While the deep ocean remains largely uncharted, initial research suggests that seabed mining will forever damage marine ecosystems. As a result, some scientists have highlighted the need for greater study and encouraged the adoption of a precautionary principle. Meanwhile, many local communities have fiercely opposed proposed seabed mining projects. Groups like the Alliance of Solwara Warriors, made up of coastal communities in Papua New Guinea, have criticized their government for granting a license to Nautilus Minerals. Moreover, they have demanded that the government ban all seabed mining and invest in local communities instead.
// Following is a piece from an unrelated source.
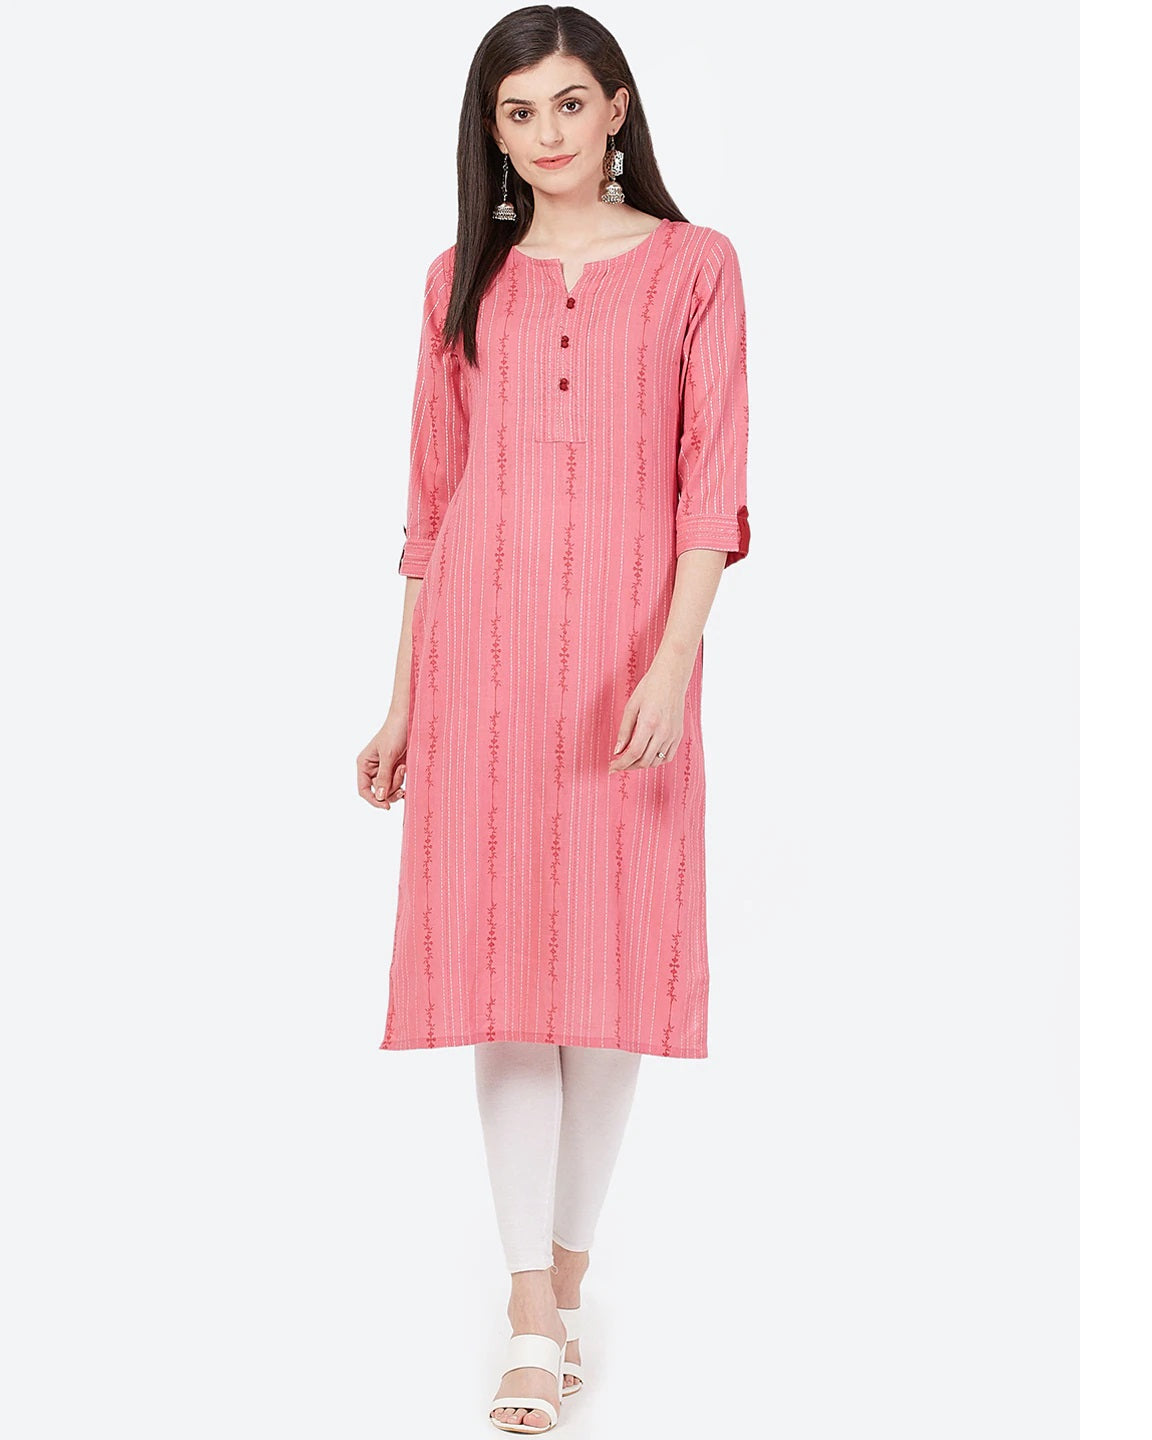 Women's Pink & White Striped Straight Kurta - Meeranshi

While the Law of the Sea Convention sought to balance economic development with environmental conservation, the tension between these goals has come into sharper relief with the renewed push for seabed mining. During the negotiations, environmental concerns largely centered on pollution from ships. The effects of climate change on the oceans did not enter into discussions. Similarly, the conflict over seabed mining revolved around who would benefit from the practice, not whether it would harm coastal communities or the marine environment.
Seabed mining is neither benign nor inevitable. It has developed in a context shaped by sharp conflict over the vexed relationship between power, wealth, and nature.
The island of Nauru exemplifies this dilemma. A tiny nation in the Pacific Ocean, long subject to colonial exploitation and environmental destruction, Nauru has few options for economic development. Especially since the 1970s, when the island’s phosphate resources ran out, its economy has floundered. In recent years, the government has turned to detaining asylum seekers heading for Australia as a means of foreign investment (a strategy also adopted by Papua New Guinea). While the practice has boosted the island’s economy, it has also led to serious human rights abuses.
Now, in an effort to diversify its economy, Nauru has partnered with DeepGreen, another seabed mining company, to harvest the manganese nodules lying in its coastal waters. Yet even the World Bank has cautioned island nations from turning to seabed mining for a sustainable source of income, and scholars have questioned the government’s claims about the potential windfall from harvesting ocean minerals.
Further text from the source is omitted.